There have been references in the literature from the 1930s to "fasciculate tremor" or "voluntary fasciculations" in patients with various forms of juvenile spinal muscular atrophy (SMA). [1],[2] However, the term "minipolymyoclonus," first used by Giblin, was only defined by Spiro in 1970. [1] He described two patients with childhood-onset SMA who had "generalized tremulousness" consisting of irregular, intermittent muscle contractions producing visible and palpable movements of the head and distal joints of the hands and the fingers. These movements were non-rhythmic and unequal in the agonists and antagonists (distinguishing them from tremor), were present at rest, worsened by movement and stress, and alleviated by relaxation and sleep. Spiro considered minipolymyoclonus a manifestation of peripheral neurogenic disease without elaborating on the distinction between minipolymyoclonus and fasciculations. Similarly, while both were mentioned as occurring in a recent series of patients with monomelic amyotrophy, their relationship remained unclear. [3] Though usually described in SMA, minipolymyoclonus appears to be a nonspecific marker of motor neuron damage. Although seen with nemaline rod myopathy and syringomyelia, it was attributed to coexistent lower motor neuron dysfunction. [4],[5]

Minipolymyoclonus-like, small jerky movements in the hands and fingers also occur in degenerative CNS disorders. Wilkins et al.,[6] performed EMG-EEG correlation (back averaging) in a series of patients with CNS impairment (Lennox-Gastaut syndrome, cerebral palsy, familial myoclonic epilepsy and Alzheimer's disease) and bilaterally synchronous finger twitches often discharging simultaneously in antagonistic muscle pairs. They detected bifrontal or bifrontocentral negative slow waves preceding the myoclonic jerks, at times associated with bifrontal sharp waves or a bilateral alpha-range rhythm.

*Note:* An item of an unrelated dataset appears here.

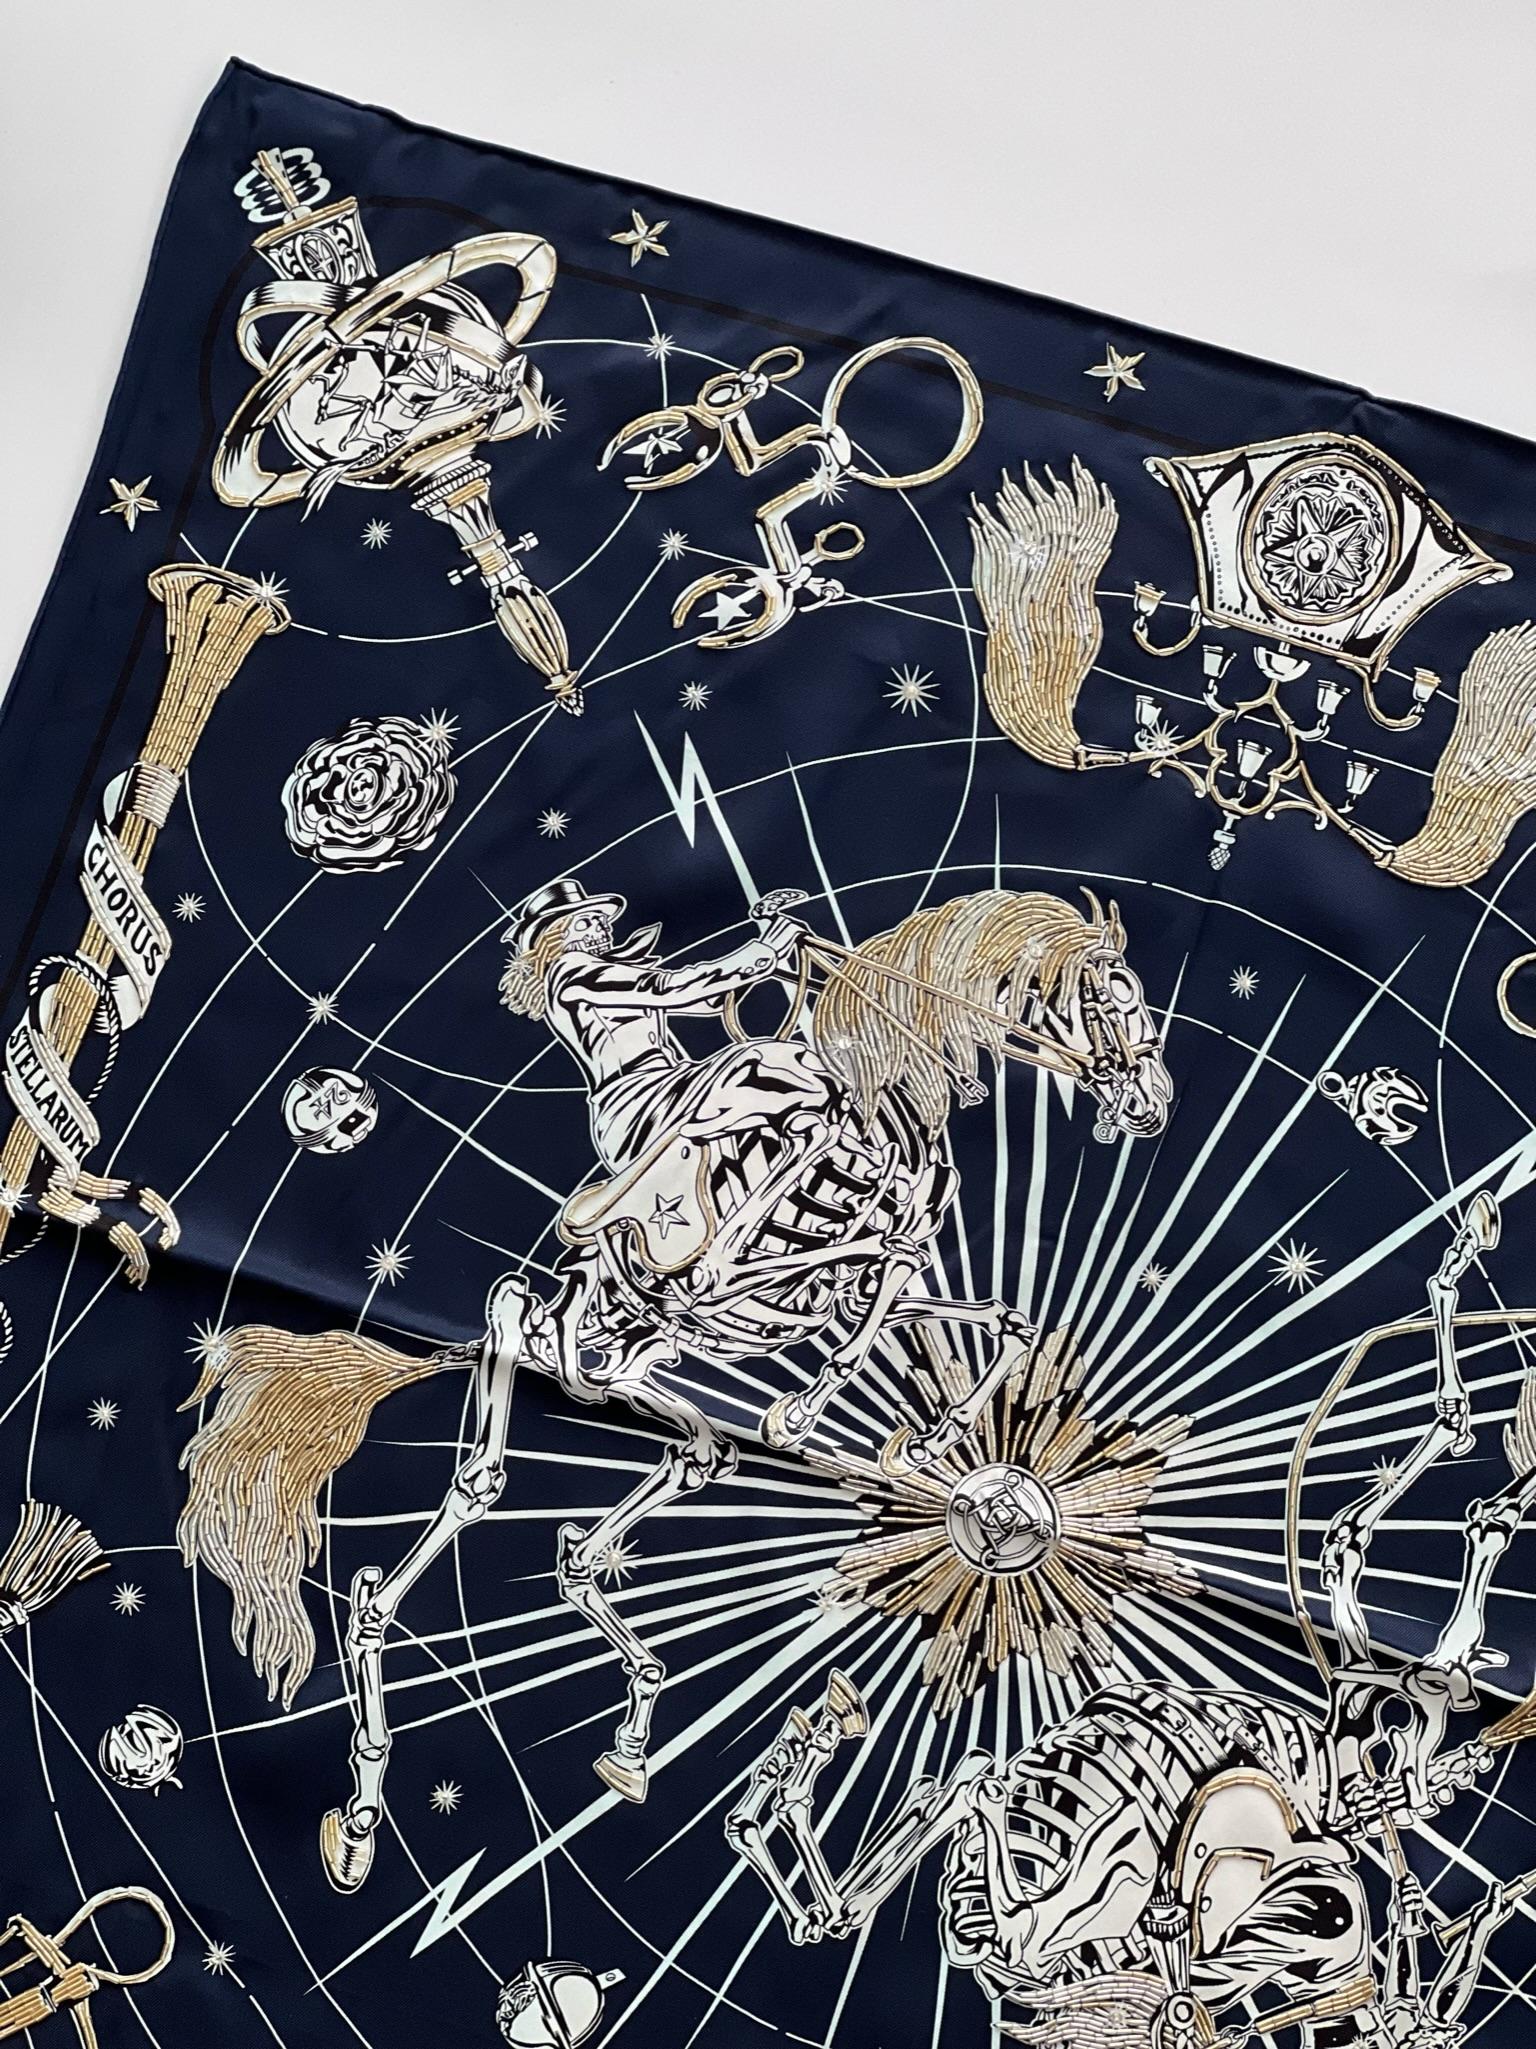 This limited scarf from Hermes is titled the Chorus Stellarum, a celebration of the equestrian universe. The stars surround embroidered equestrian accessories. The scarf is made from with silver detailing. The scarf takes over 35 hours of hand

They proposed a subcortical focus projecting downwards to spinal motor neurons to produce the motor activity (resulting in minipolymyolonus), and upwards to excite the cortex.

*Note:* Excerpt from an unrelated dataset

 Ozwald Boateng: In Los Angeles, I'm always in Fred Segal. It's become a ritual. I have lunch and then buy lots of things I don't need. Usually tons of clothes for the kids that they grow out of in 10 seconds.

While Wilkins et al., thus demonstrated a central origin for minipolymyoclonus-like jerks in central neurodegenerative disorders, our findings of a correlation between finger jerks and fasciculations in a degenerative condition of the motor neurons suggests that despite an outward clinical similarity, minipolymyoclonus has fundamentally different etiologies in central and peripheral conditions. In Wilkins et al.'s series, no muscle bursts were shorter than 20 msecs in duration, with the range being 20-50 msecs, fulfilling duration criteria for cortical myoclonus. In contrast, the duration of most bursts in our patient was in the expected range for motor unit discharges (up to 20 msecs), consistent with fasciculations arising from the anterior horn cell; the longer duration of some of the bursts was likely due to the chronic neurogenic changes in the motor unit as noted in the prior EMG study. In addition, with the CNS disorders, jerks were bilaterally synchronous in agonist-antagonist pairs, apposite in the context of a proposed subcortical origin, whereas in our patient, the bursts were irregular and asynchronous. The absence of a preceding time-locked cortical prepotential on EEG-EMG correlation with back averaging, which was observed by Wilkins et al., rules out a cortico-subcortical generator in our patient.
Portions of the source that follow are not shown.